Leur départ avait laissé place à beaucoup de questions, des questions sans réponses. Naissaient aussi des réponses sans questions. Tout devenait clair peu à peu. Je commençais à comprendre que le passé définit en vérité notre présent, j’y voyais plus clair. Tout n’était que farce alors. Ces sourires gentils qu’on m’offrait volontiers, cette amabilité des gens de ma communauté. Tout s’explique maintenant. Et ce surnom qu’on m’avait donné depuis mon tendre enfance : providence ! Oui, ils m’ont toujours appelé providence dans ce bled. J’étais le seul à ne pas savoir que j’étais l’agneau du sacrifice.
L’anse des lourdes chaines qui liaient mes pieds creusaient mes chevilles ; une plaie rougeâtre s’était créée tout autour. Autour de ma solitude pleine d’amertume rodait le spectre de la mort.
Le soleil se déclinait peu à peu quittant l’Est, je l’ai vu descendre lentement vers l’Ouest. C’est à croire qu’il ne supportait plus ce spectacle horrible qui se tenait sous son œil ardent. Oh qu’il est lâche ce témoin incapable d’assister à ma mise à mort ; il préfère s’en aller derrière les vagues, loin de cette vallée aride. Ardemment, il se tirait et le temps s’étirait vers ma mort prochaine. L’ombre s’installait, imposant le silence de toutes les créatures et petites bêtes. Au loin, j’entendais la voix des djinns déchirant le noir et le rythme effréné de leurs tambours tendus. D’une touffe d’herbes sauvages ils sortirent ; dansant en rond. Je ne vis rien, rien sinon une nuée poussiéreuse qui s’élevait à la cadence des tam-tams et des éclats de rire stridents qui rebondissaient sur mes tympans.
Je fermais mes yeux implorant tous les dieux de l’univers qu’ils m’accordent protection contre ces choses. Rien n’y fit. Ils étaient à présent dans ma tête ; tête que je cognais nerveusement sur le bout du piquet sur lequel on m’avait vulgairement attaché. Du sang coulait, le rythme des tambours s’élevaient et de plus belle je me cognais. A chaque coup sur ce point saillant, je ressentais les délices d’une délivrance toute proche hélas qui tardait à venir.

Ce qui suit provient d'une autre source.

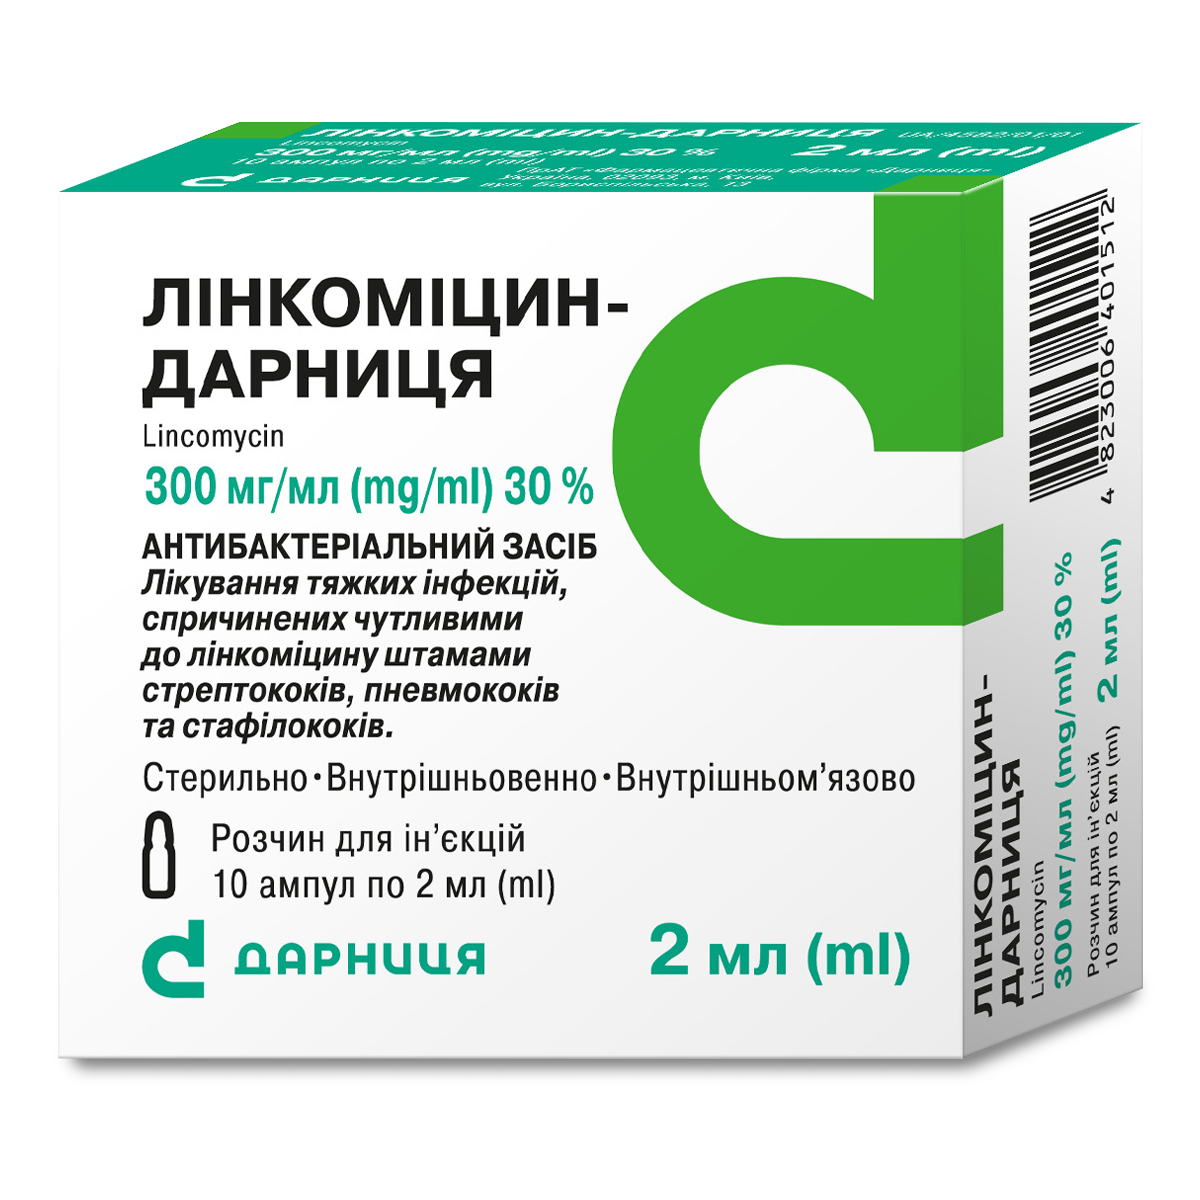 Lincomycin-Darnitsa

L’aube était là ; las j’étais. De mes yeux fatigués je scrutais l’arrivée de cette meute d’hyènes assoiffées de mon sang providentiel dont j’avais déjà versé des litres sur ce sol qui avait terriblement soif. Le coq choriste effronté annonça l’instant fatidique. Le tambour retentit ; ils sortirent de tous les côtés de la vallée. En rangs de treize, ils déclamaient des mélopées dont je ne parvenais pas à saisir le sens, tout ce que sais c’est que j’avais profondément peur. Corps orienté vers l’Ouest, pieds nerveusement tenus par mes bourreaux, le vieux monstre avait sorti de son fourreau sa grosse dague ; dague des grands jours de réjouissance. Je sentais alors l’odeur de la lame violer mes narines. Il débita ces mots : « par la lame des valeureux ancêtres de cette cité jadis florissante, je vais ravir cette vie pour que la providence revienne sur nos terres. Que son sang inonde ce terreau et que son corps nourrisse nos espoirs. Qu’il en soit ainsi ! » terminant sa phrase je vis son bras gauche sur ma gorge. Je fermais les yeux ; cet instant sembla durer une décennie. Ma vie défilait à toute allure, un seul regret me tenaillait : j’allais mourir si jeune des rêves pleins la tête. Une larme ultime ruissela sur ma joue. Le cœur lourd j’eu le temps de me remémorer les mots de mon père : « Mbissane ! Un homme ne pleure pas. A défaut il doit le faire en cachette et dignement ». Faire face, toute mon existence se résumait en vérité à ce concept. Ma mort était chose certaine jusqu’au moment où je senti une claque et des mots providentiels : «  Mbissane réveille-toi il est presque l’heure d’aller à l’école". Mon sursaut fut brutal ; tout ceci n’était qu’un cauchemar fruit de mon imagination.